Anyway, the ballast resistor drops the voltage from the ignition from 12-volts to 7-volts (?) before it goes into the ignition coil. That 12-volts comes from the ignition switch through the bulkhead disconnect (3 huge multi-wire plugs near master cylinder) via a BLUE wire going into the ballast resistor. When the car is running, a blue wire on the "out" side of the ballast resistor will be about 7-volts (?). ONLY WHILE CRANKING THE ENGINE, the ballast resistor is bypassed & the full 12-volts goes to the ignition coil on the "out" side of the ballast resistor coming out of the same bulkhead disconnect plug via a BROWN wire.

Basically, while the engine is cranking, the BROWN wire bypasses the ballast resistor and gives the ignition coil 12-volts. The second you let off the key (so it drops back from "start" to "run") after the engine is started, the BLUE wire continues to give the ignition coil 7-volts (?). When the ballast resistor burns out (super common), you get the 12-volts while cranking, but never get the 7-volts while running.....so the engine starts for 1 second & dies, starts for 1-second and dies, etc., etc.
 
Sounds like a ballast resistor to me. To troubleshoot you can jump it, temporarily, to see if it is indeed the issue. You just don't want to run with it that way for very long.
 
Thanks everyone for your advice, I'm going to check some of these things out tonight when I get back in town!

Appreciate the responses
 
UPDATE

So I replaced the voltage regulator and the ballast resistor both. I've been going out and starting it and it has been starting right up and running no problems (hadn't drove it due to bad weather). Today was a nice day so I started it up and cruised around for a bit then it just died, tried to start it and original issue is back (go to start turns over vroom and dies immediately) I'm thinking the only other thing it could be is that ignition switch. My question is can that switch be the cause of this has anyone experienced this issue before?
 
Did you have time to clean up the Bulkhead connectors?
 
Do the headlights work when this happens? Is it like someone turned off the ignition and threw the keys out the window or like the battery was removed?
 
Is the ballast resistor getting wet in the weather?
 
Add jumper wire to ballast from battery so you remove ignition switch if it runs work your way back till you find trouble
 
I'm done.

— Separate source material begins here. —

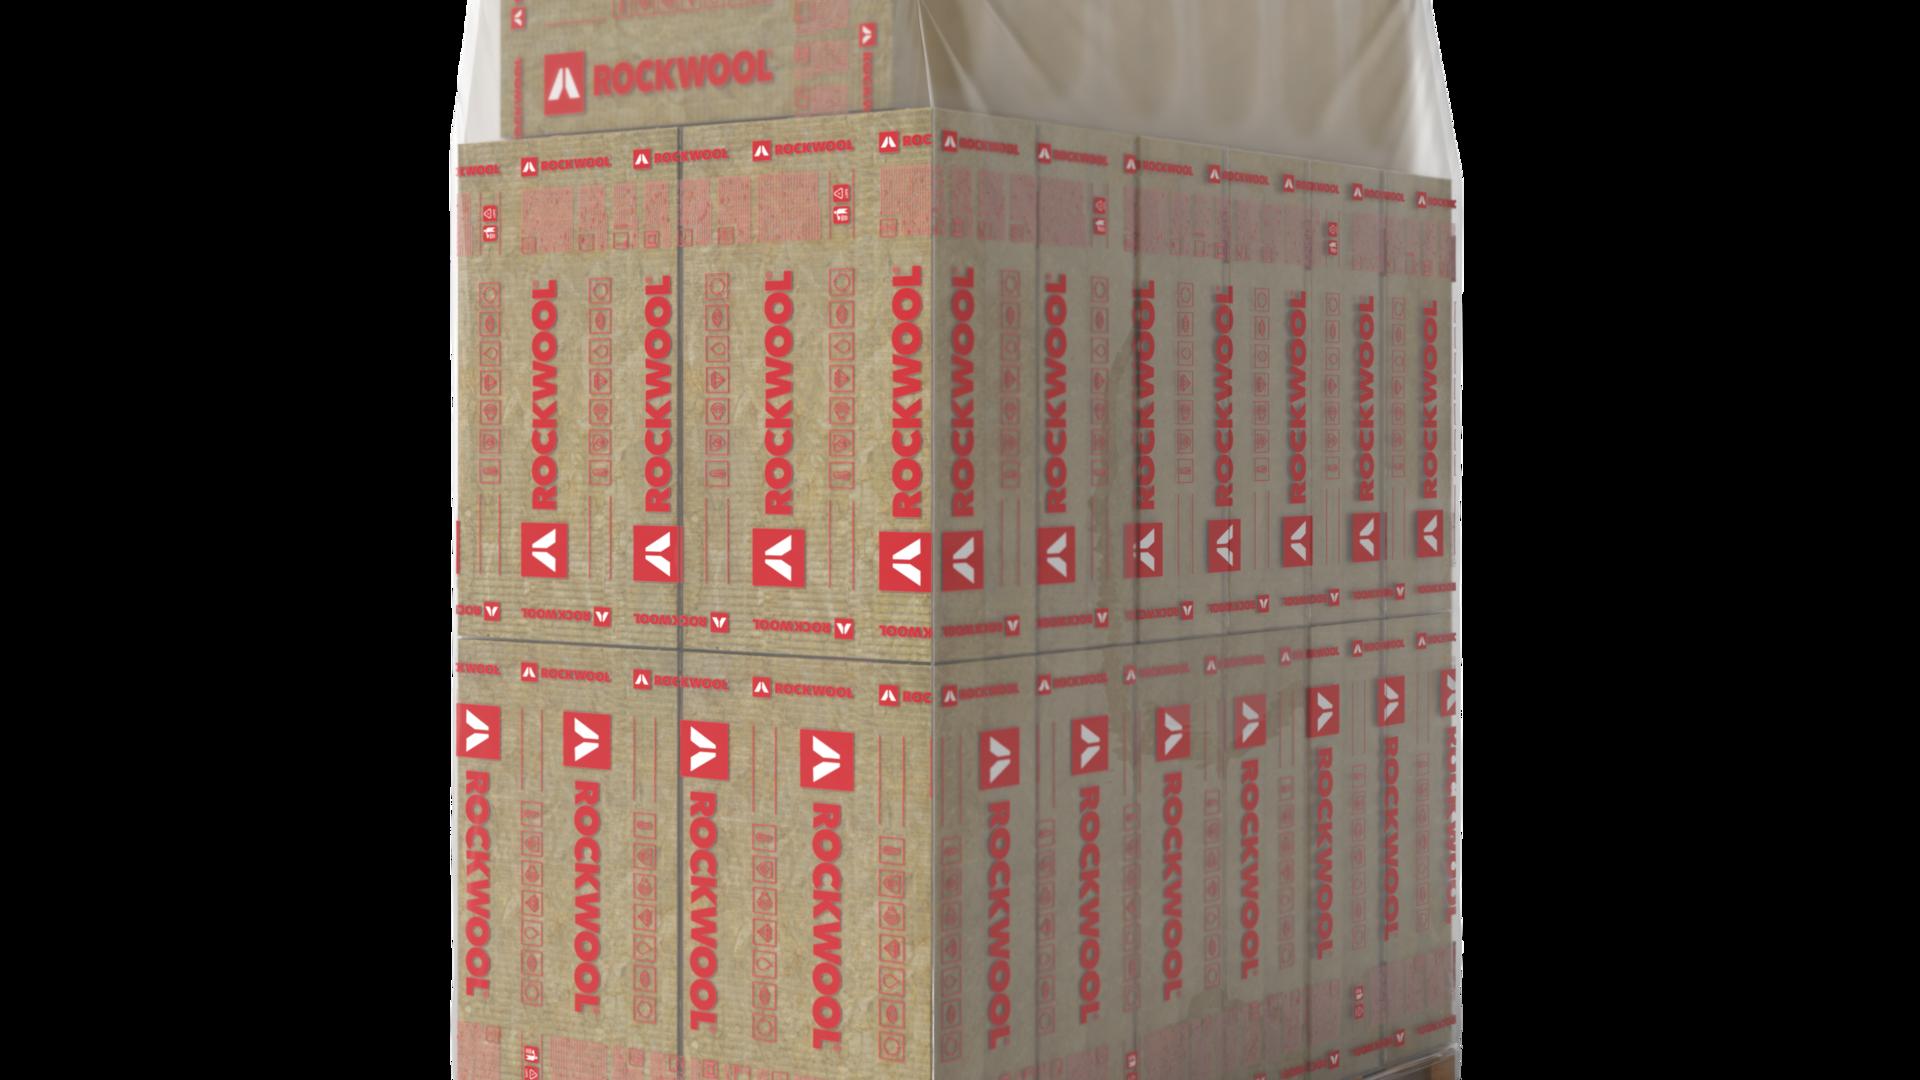 pallet, ewi, facade, products, external wall insulation, ventilated facade, ventirock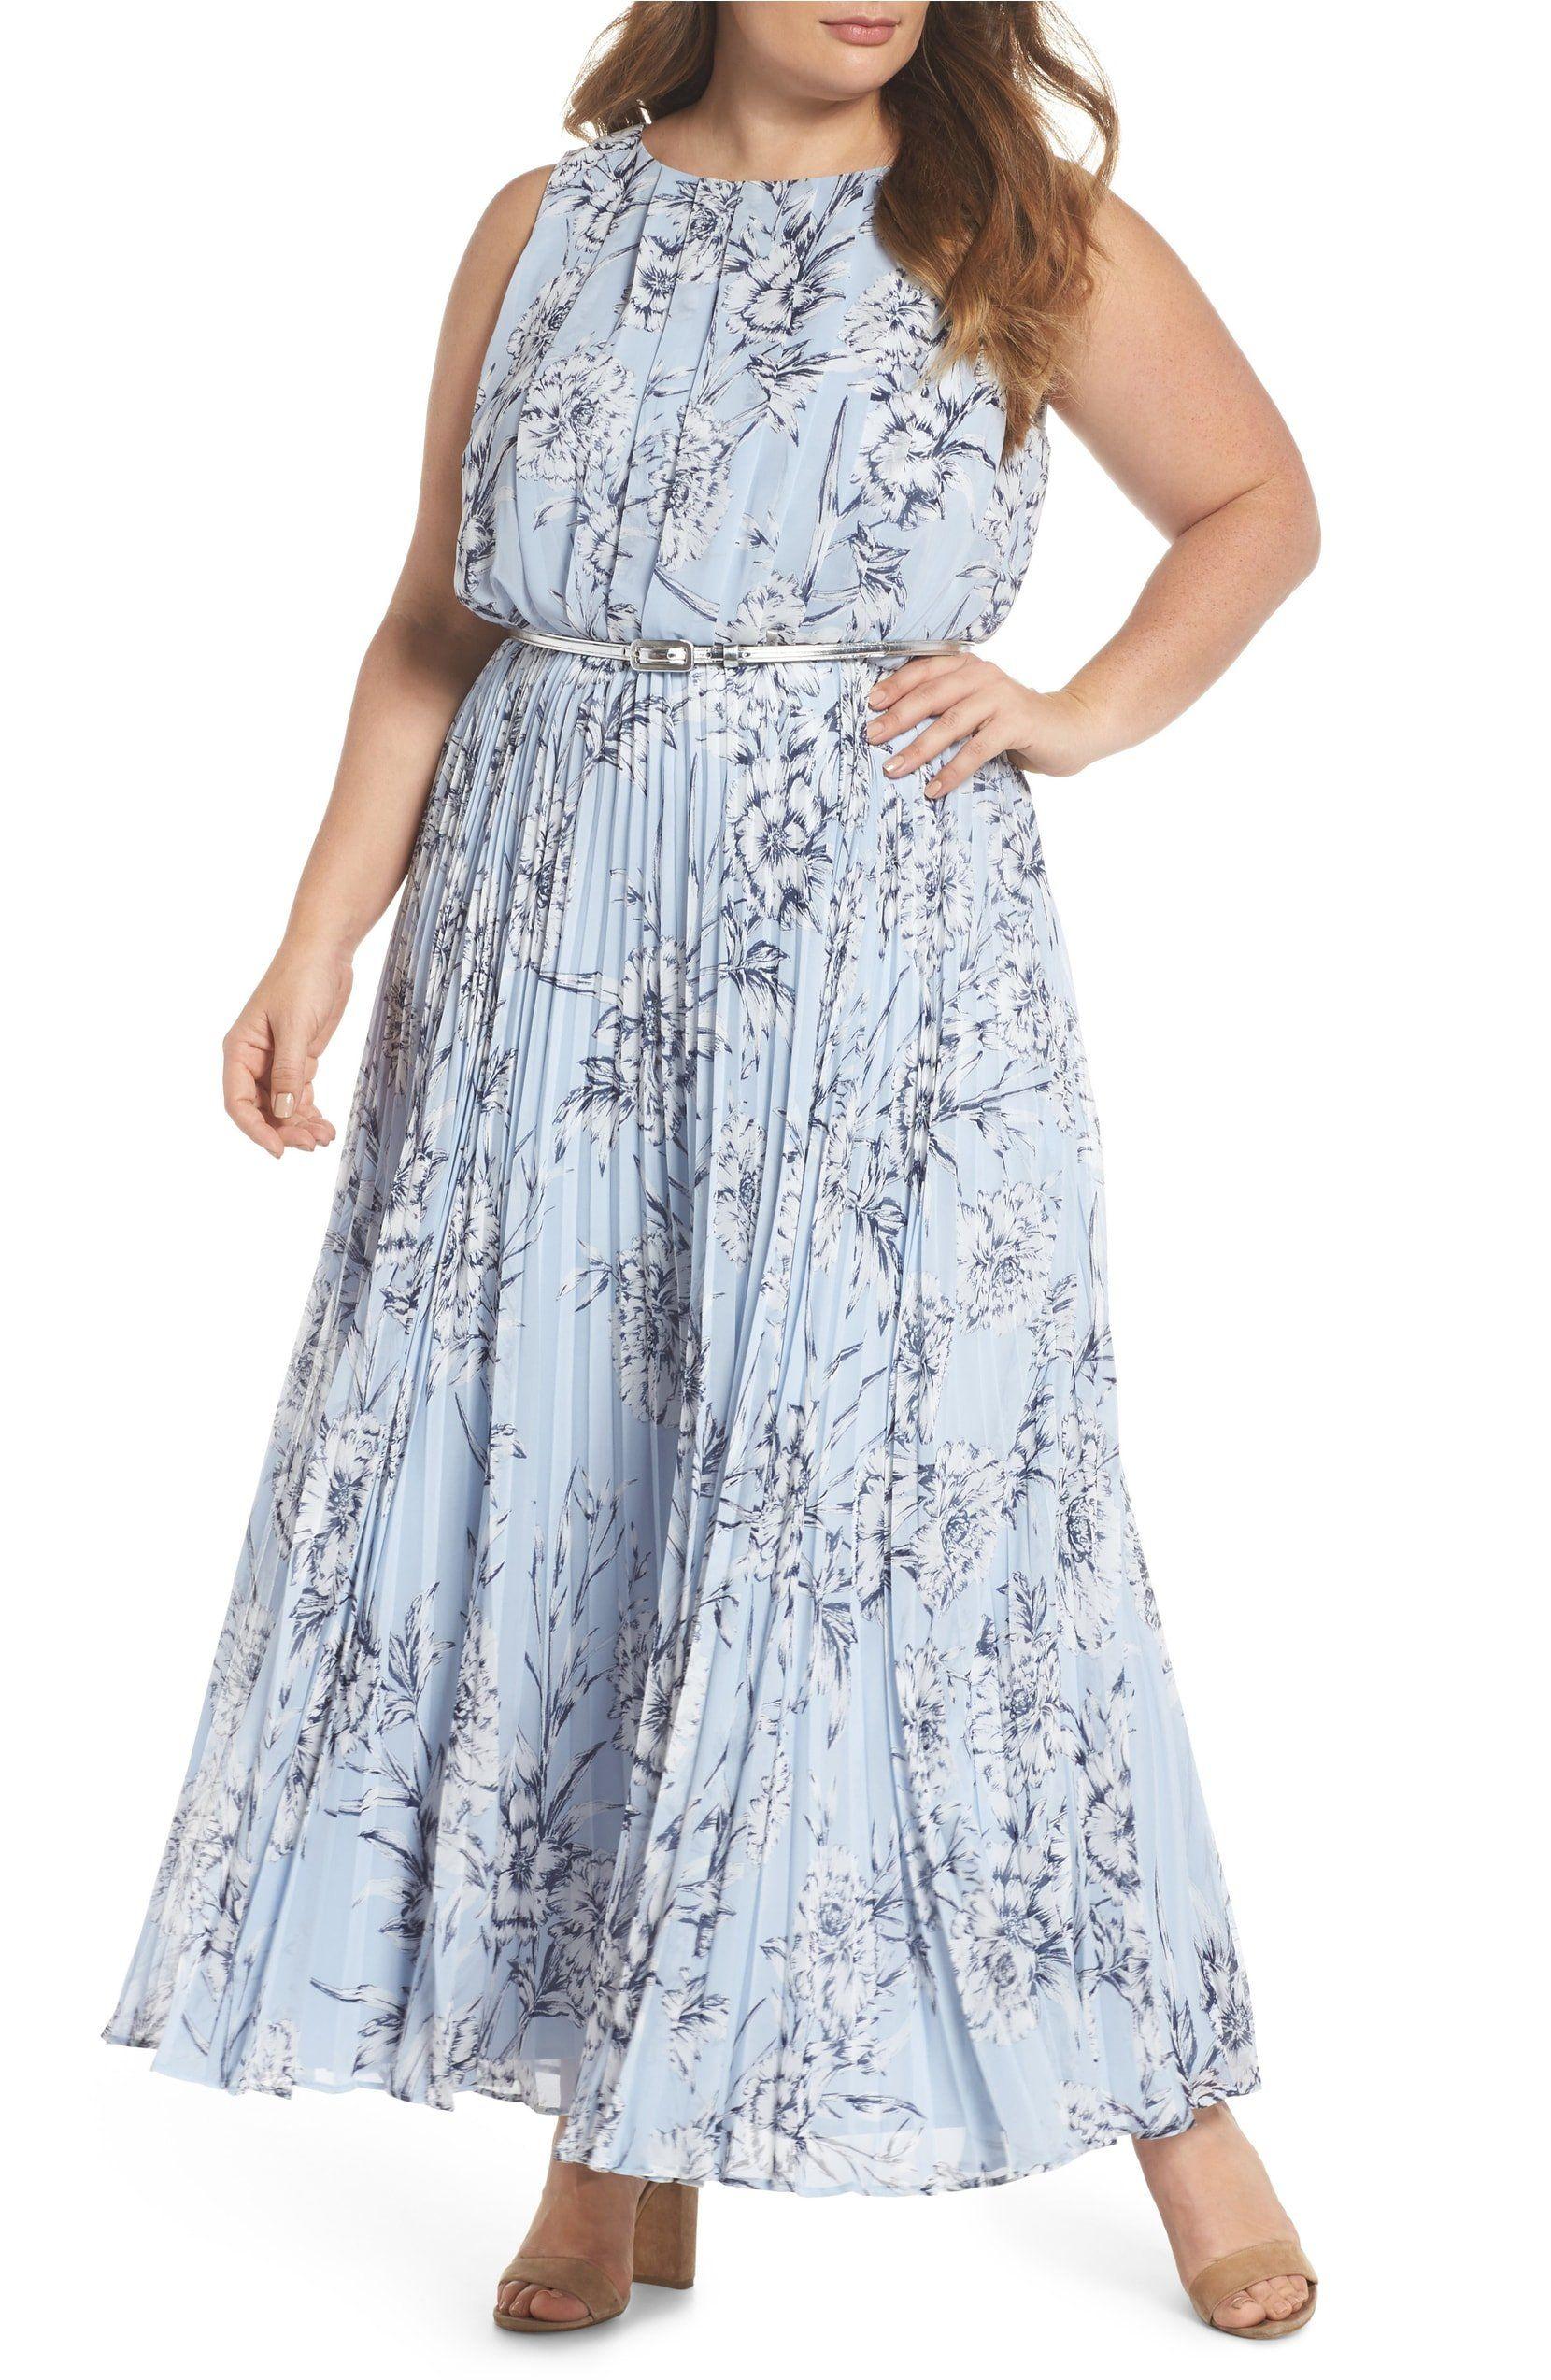 aec4776abc Eliza J Floral Maxi Dress Plus Size - Data Dynamic AG

I replaced an ignition switch for no reason with no fix when having a similar problem.
Others will help. Let us know when you get to the other side so we can all benefit.
 
my car did the same thing the ignition switch was bad changed it now its fine
 
Would you take a picture of your ballast resistor? The wiring diagram shows a single resistor and yours appears to be a double resistor. Also, this whole thing would be a lot easier if you had a test light.